→ **Work required**
Please copy each line of the listing below precisely, excluding the images.

→ **Provided data**
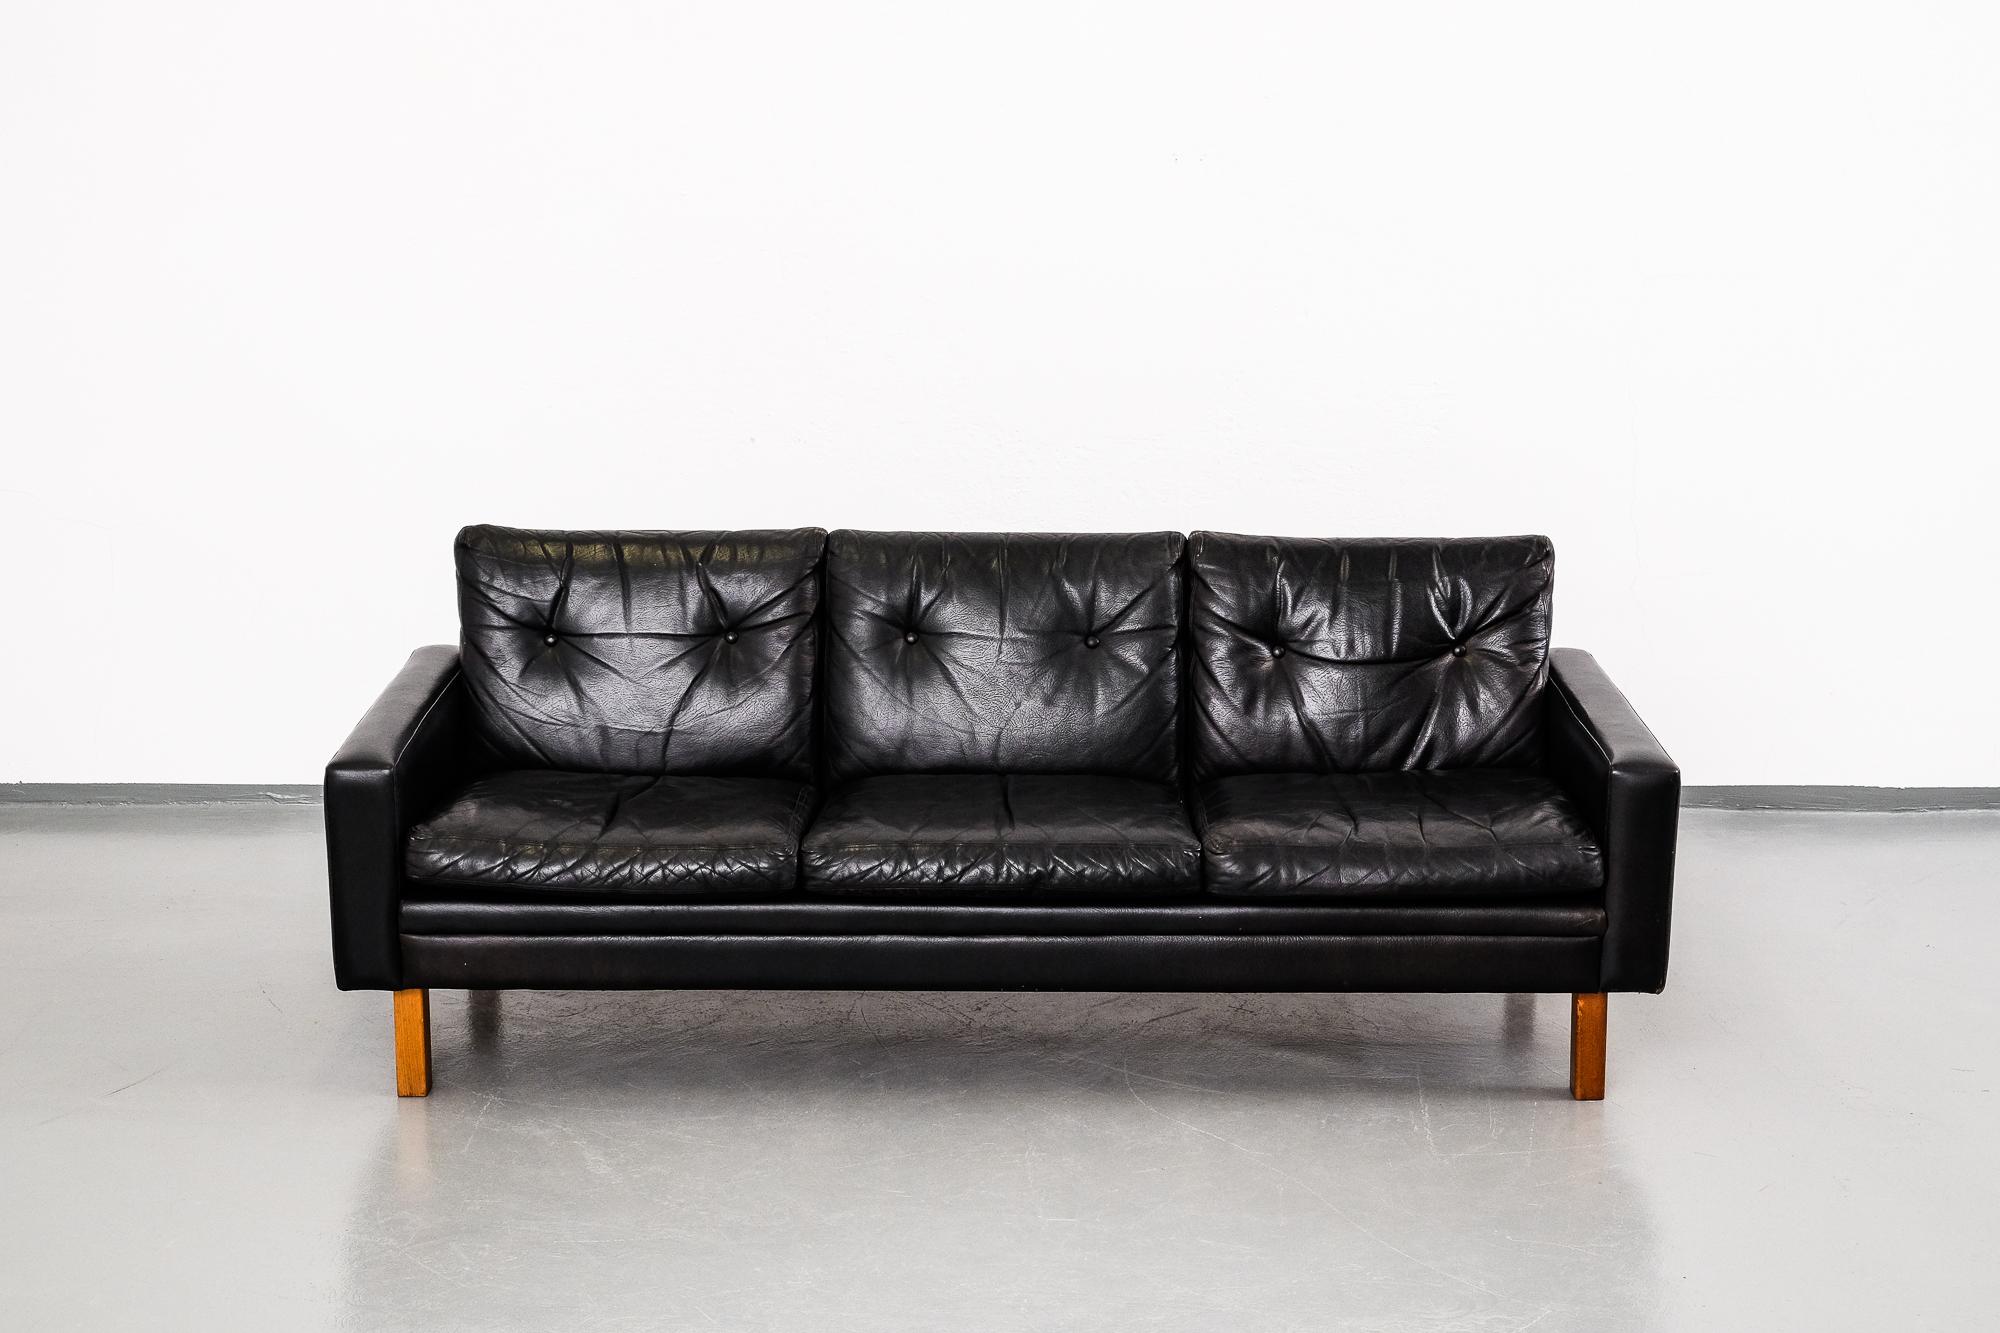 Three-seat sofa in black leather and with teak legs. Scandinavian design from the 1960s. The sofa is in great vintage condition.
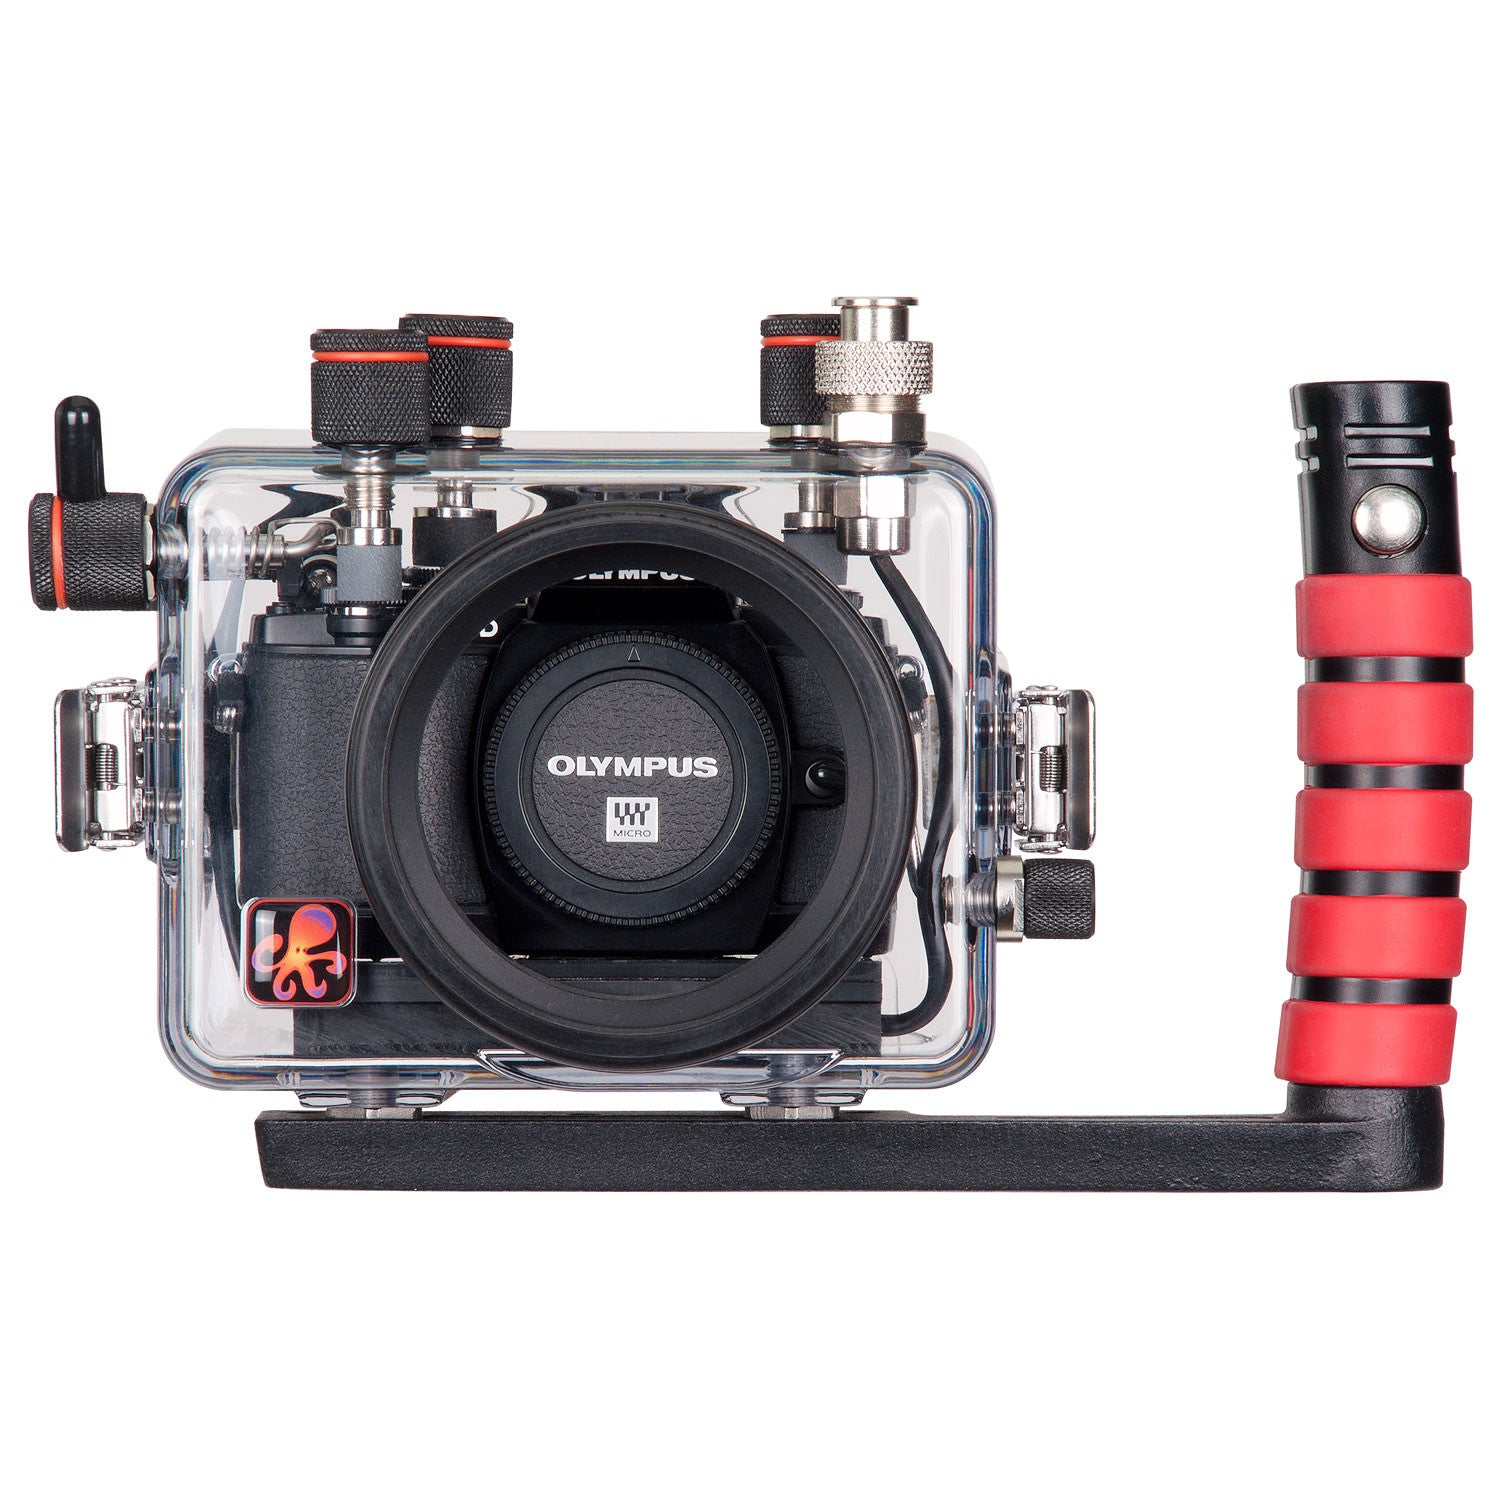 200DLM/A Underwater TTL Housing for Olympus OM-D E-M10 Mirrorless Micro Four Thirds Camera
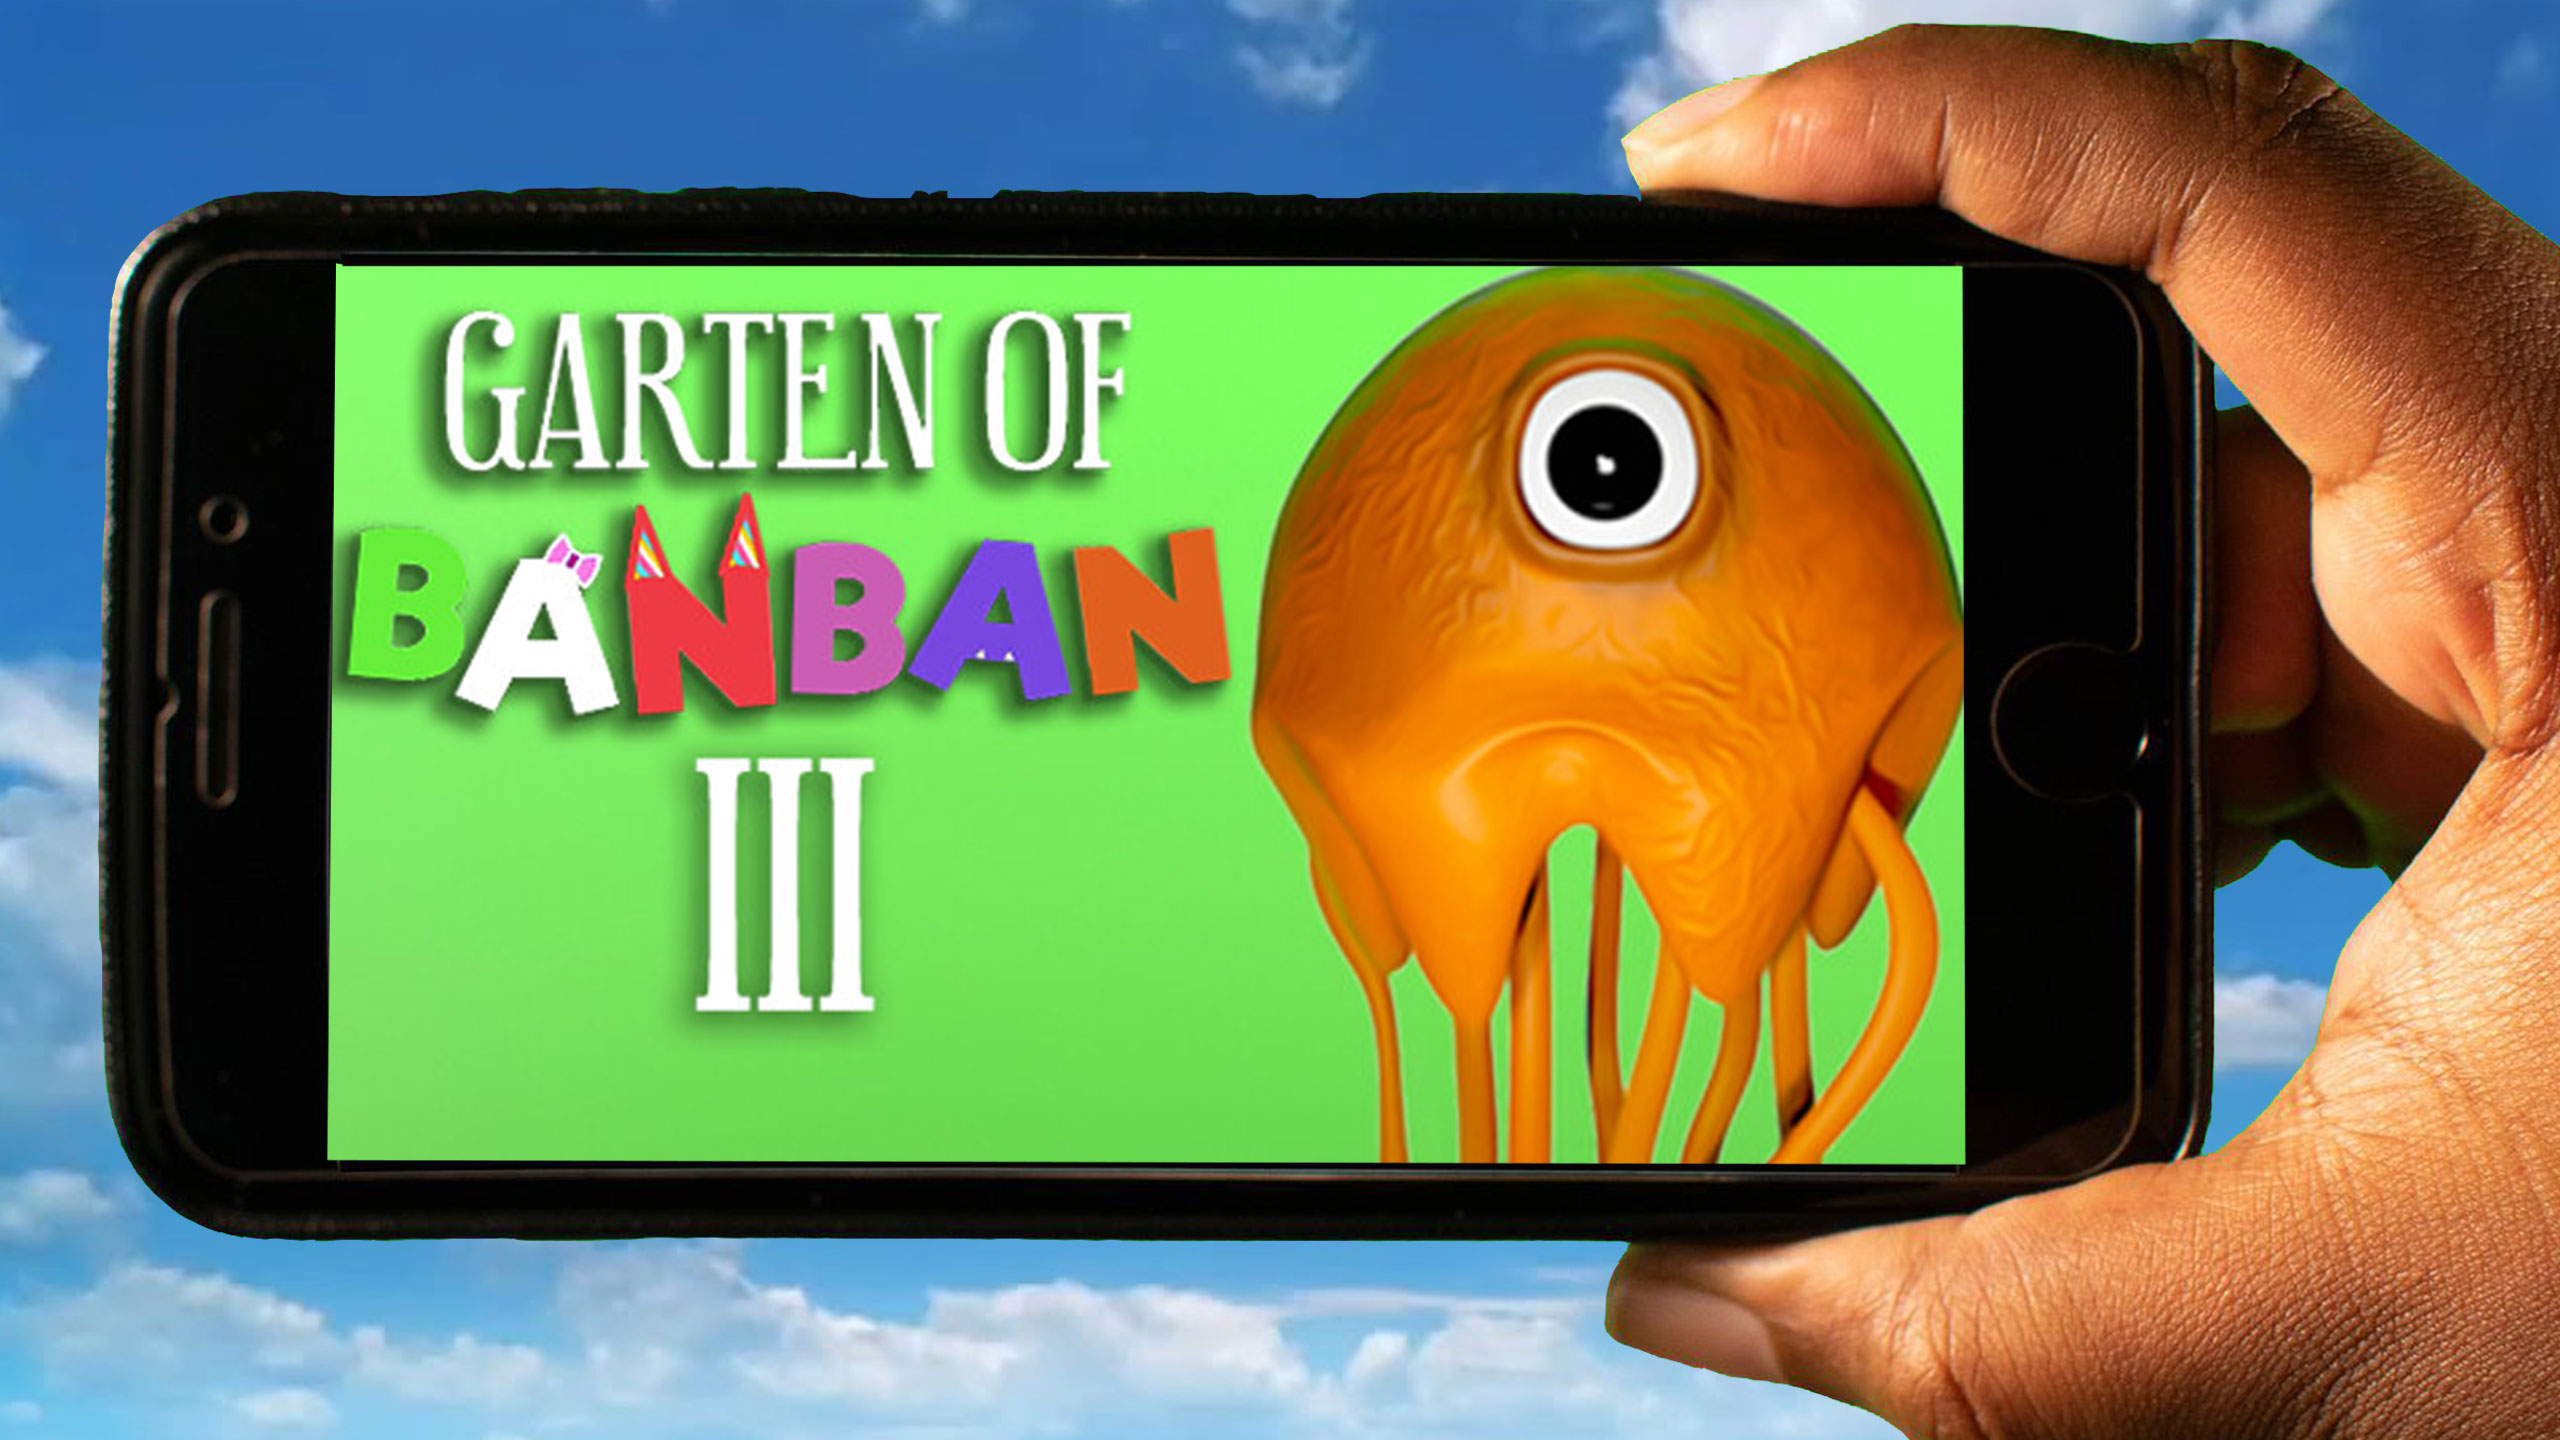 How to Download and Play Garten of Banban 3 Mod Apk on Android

→ **Answer for the task**
 Three-seat sofa in black leather and with teak legs. Scandinavian design from the 1960s. The sofa is in great vintage condition.
 200DLM/A Underwater TTL Housing for Olympus OM-D E-M10 Mirrorless Micro Four Thirds Camera
 How to Download and Play Garten of Banban 3 Mod Apk on Android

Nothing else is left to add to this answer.